The Venda people
The Venda people were one of the last black tribes to migrate south of the Limpopo River. When they moved in to South Africa they found a beautiful, bountiful area, which they promptly named Venda (pleasant place) and settled there.
Lanky, yet graceful, the Venda people are warm and friendly. Their history began in the valleys and mountains of Limpopo Province, where their forebears established a great civilisation centred round Mapungubwe.
Though ruled by kings, the position of women in Venda culture is unusual in Africa in that they are encouraged to occupy senior positions in society. It is common for a woman to inherit her father's estate where there is no apparent male heir.
Children and the elderly have their own role to play. This is linked to the recognition and worship of the ancestors. Having just joined the earthly plane, the children are still close to the ancestors. The elderly are also close to the ancestors because they will soon join the spiritual realm in death.

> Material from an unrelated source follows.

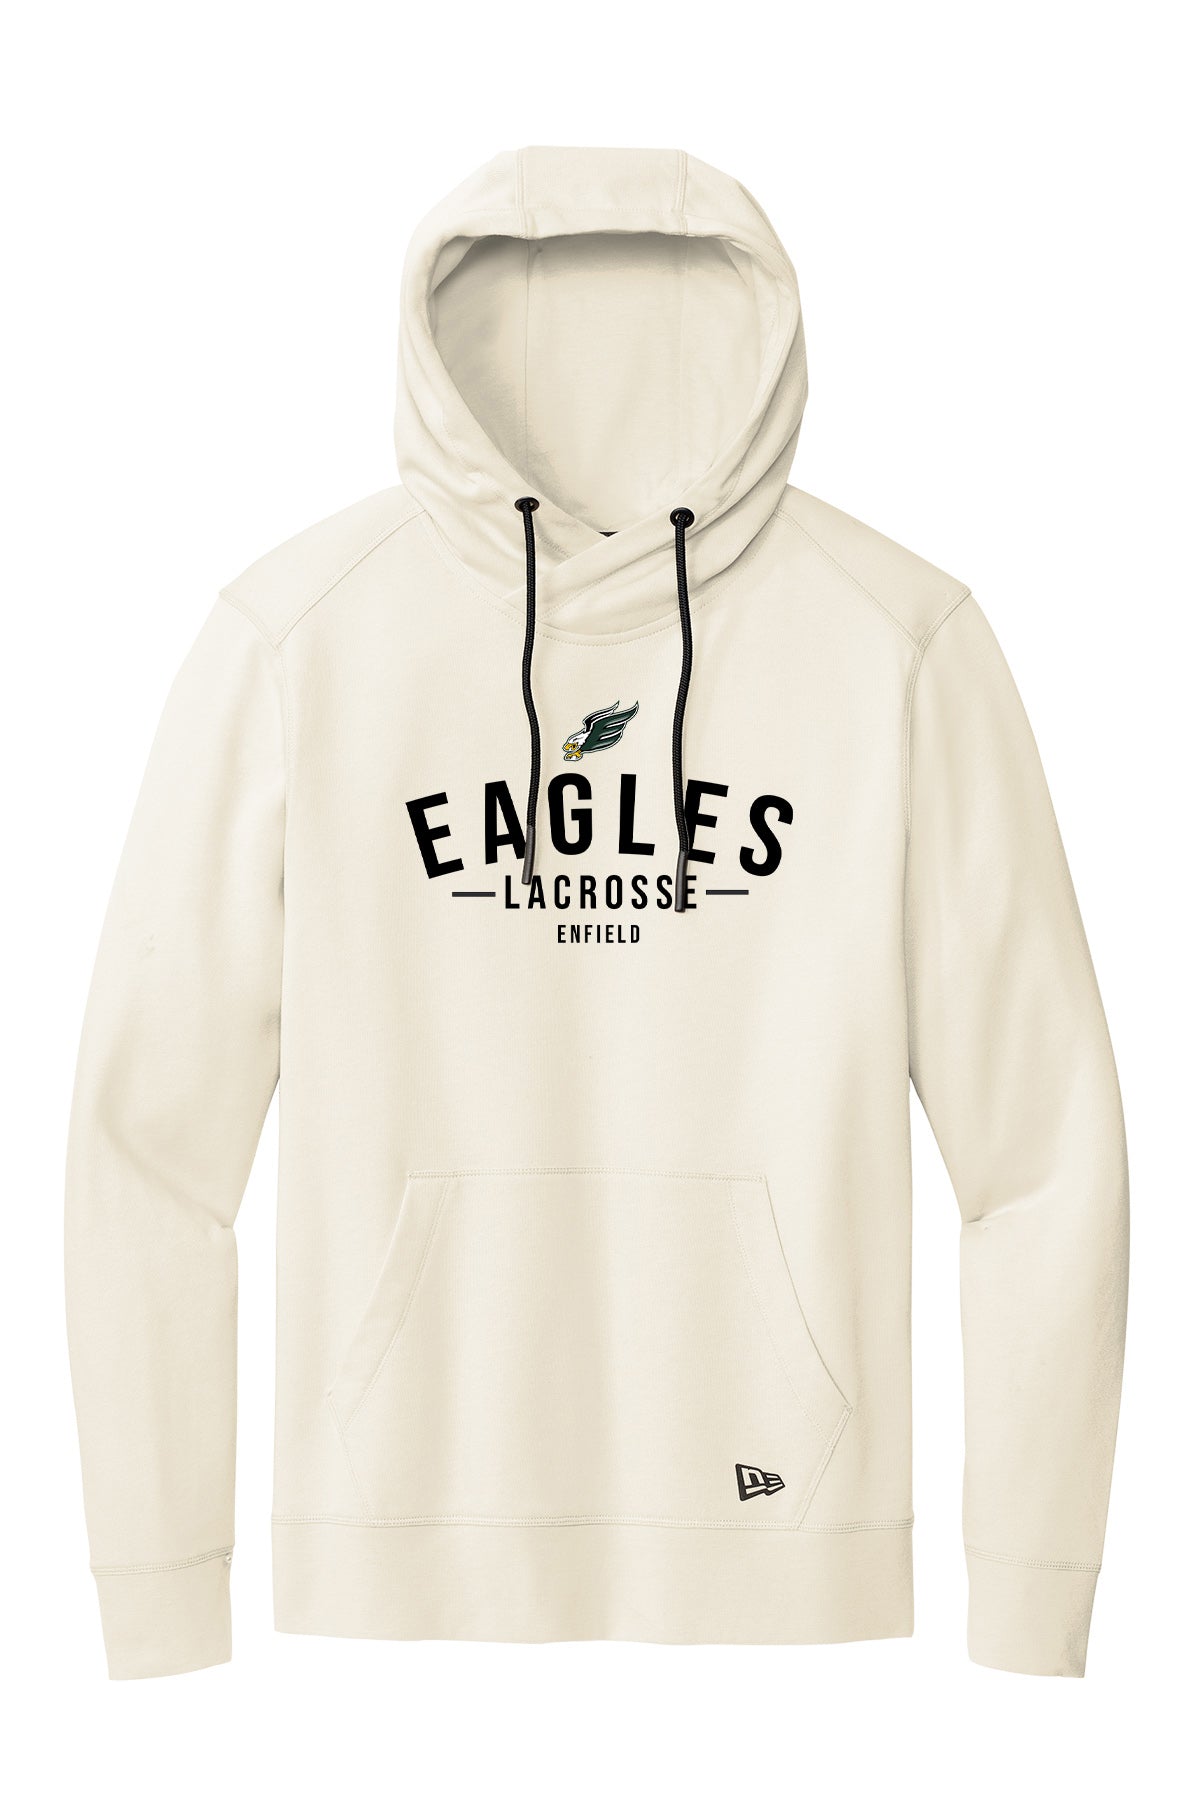 Enfield Lacrosse Adult Hoodie "Classic" - NEA510 (color options available)

In Venda tradition there are many sacred sites, especially Lake Fundudzi high in the Soutspansberg Mountains. Even today, it is believed this is where the White Python – the god of fertility – lives.

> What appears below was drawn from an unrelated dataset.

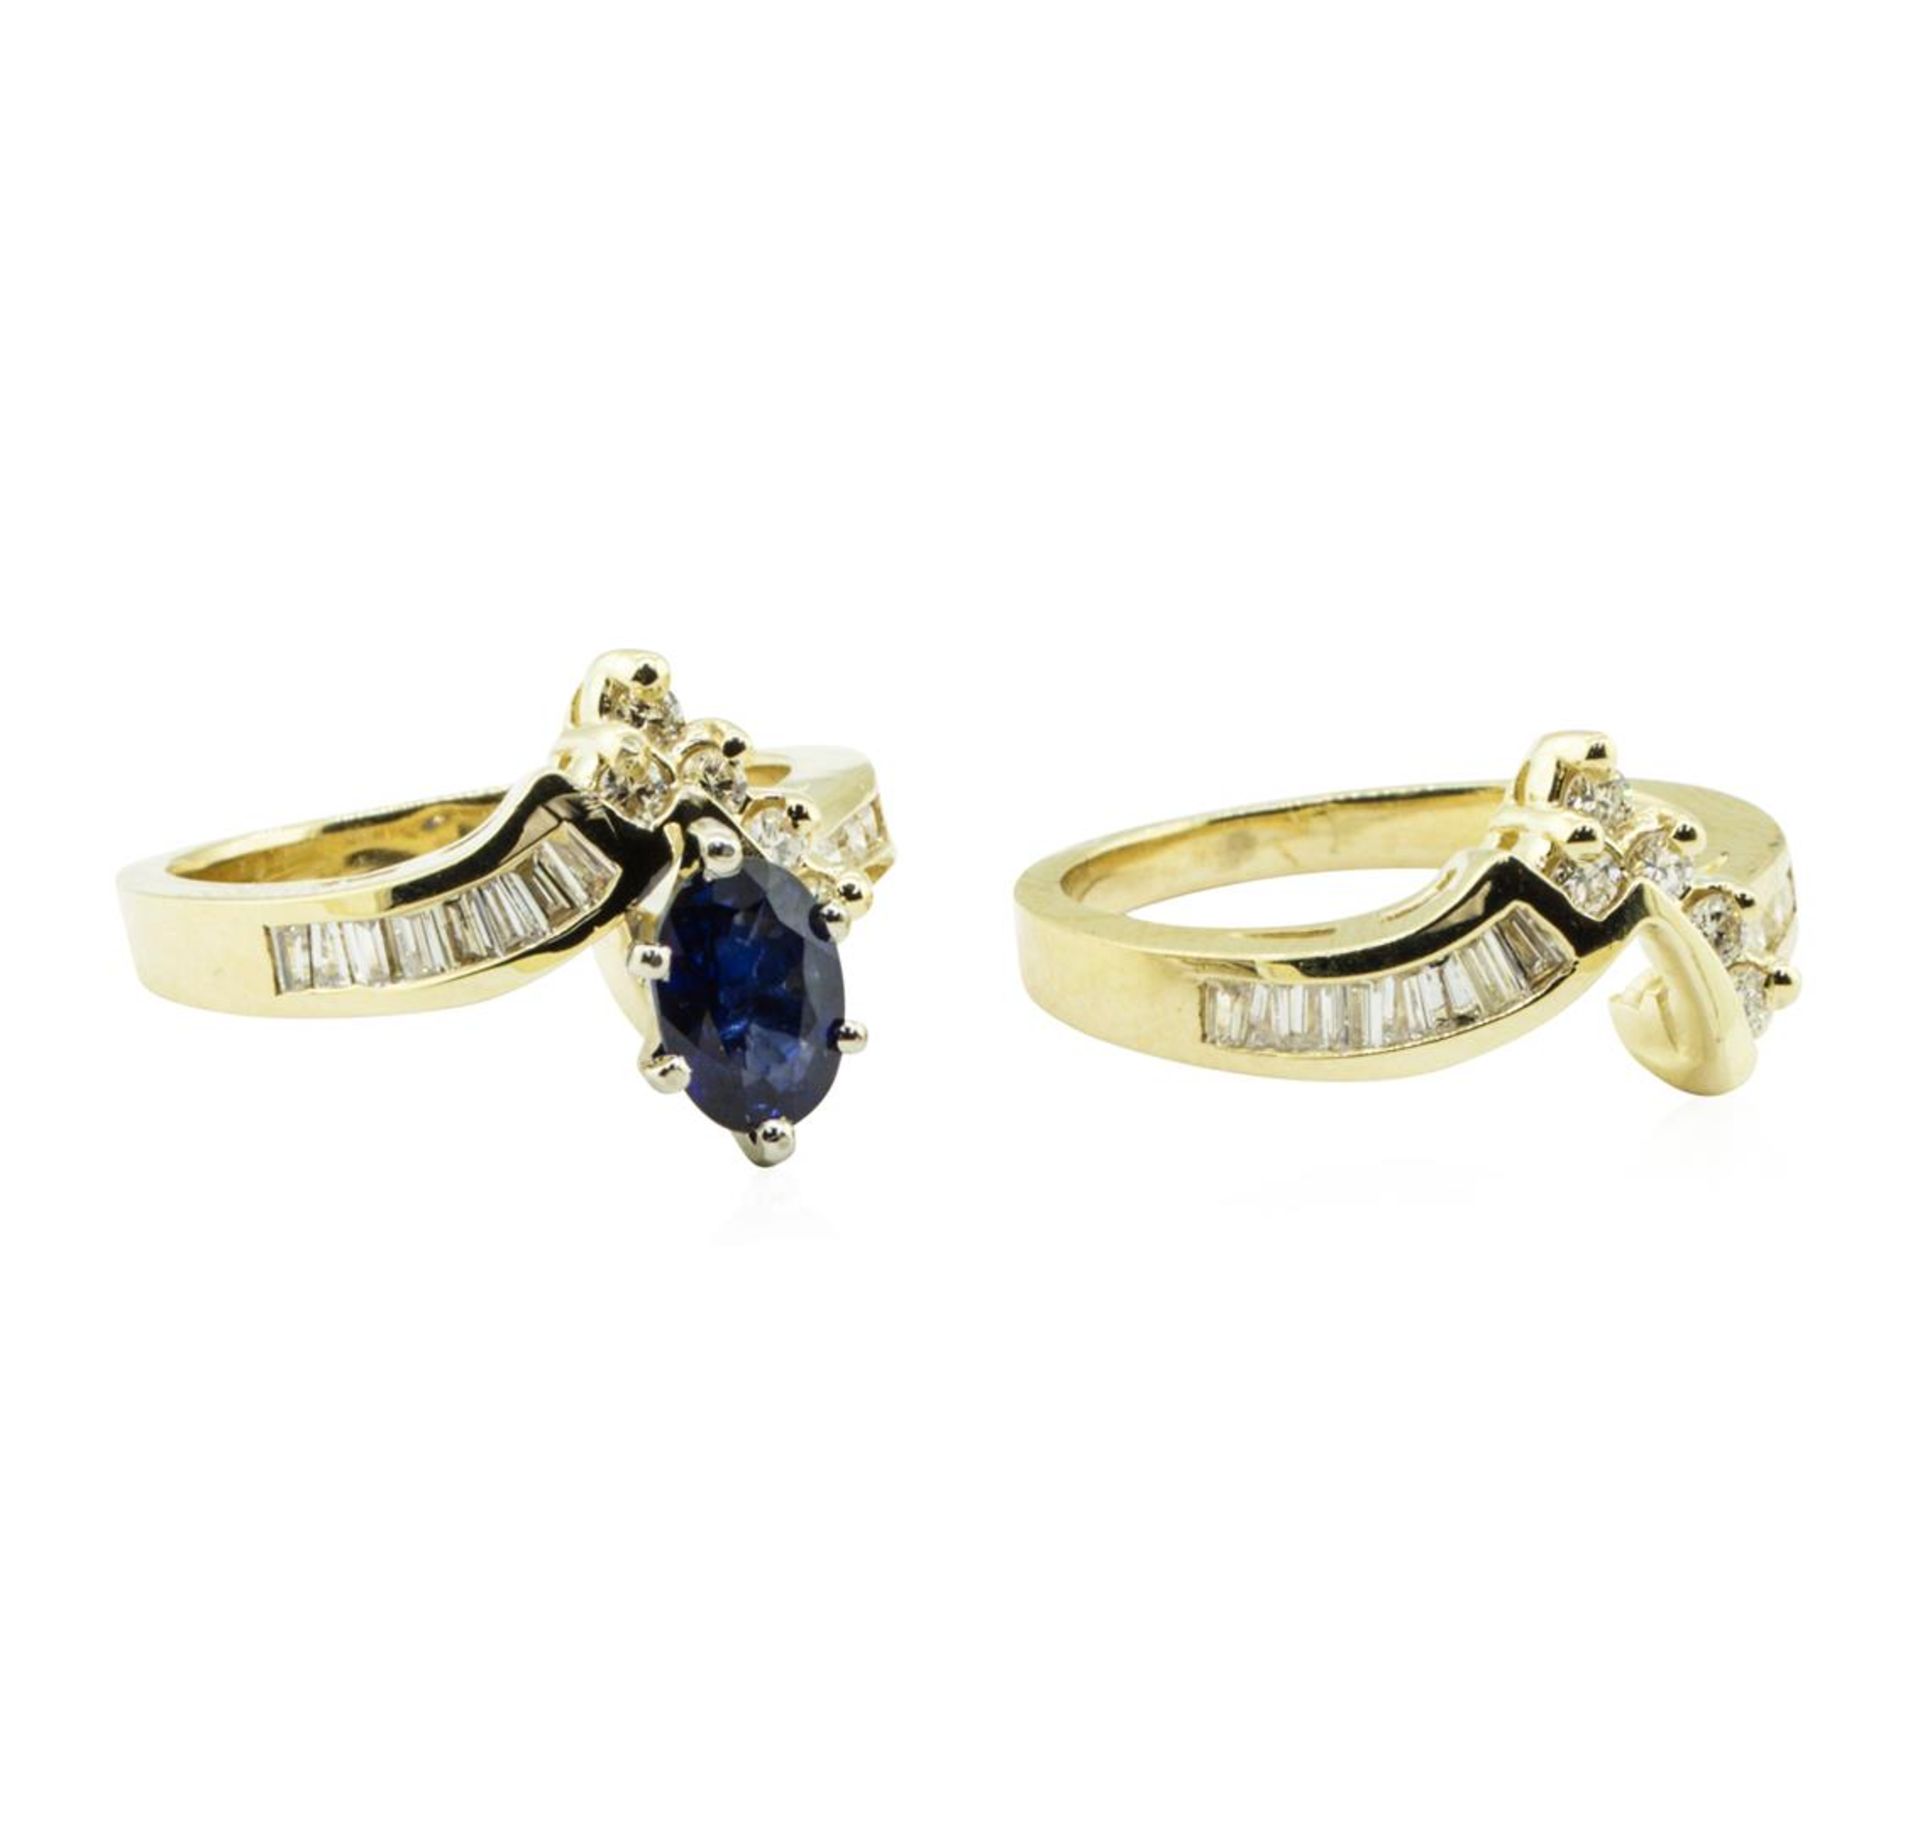 1.53 ctw Oval Brilliant Blue Sapphire And Diamond Ring & Wedding Band - 14KT Yel - Image 3 of 5

In reverence to the python, young female initiates perform the Domba dance. This is where the girls form a chain of bodies. When they move to the rhythm of beating drums, it replicates the movement of the snake, as well as a baby in the womb.
What sets the Venda culture truly apart from other tribes in South Africa is the role of art in the community. Artists are called by the spirit world through unusual dreams and visions to fulfil their destinies, giving their work a supernatural energy. This places them on the same social plane as a traditional healer.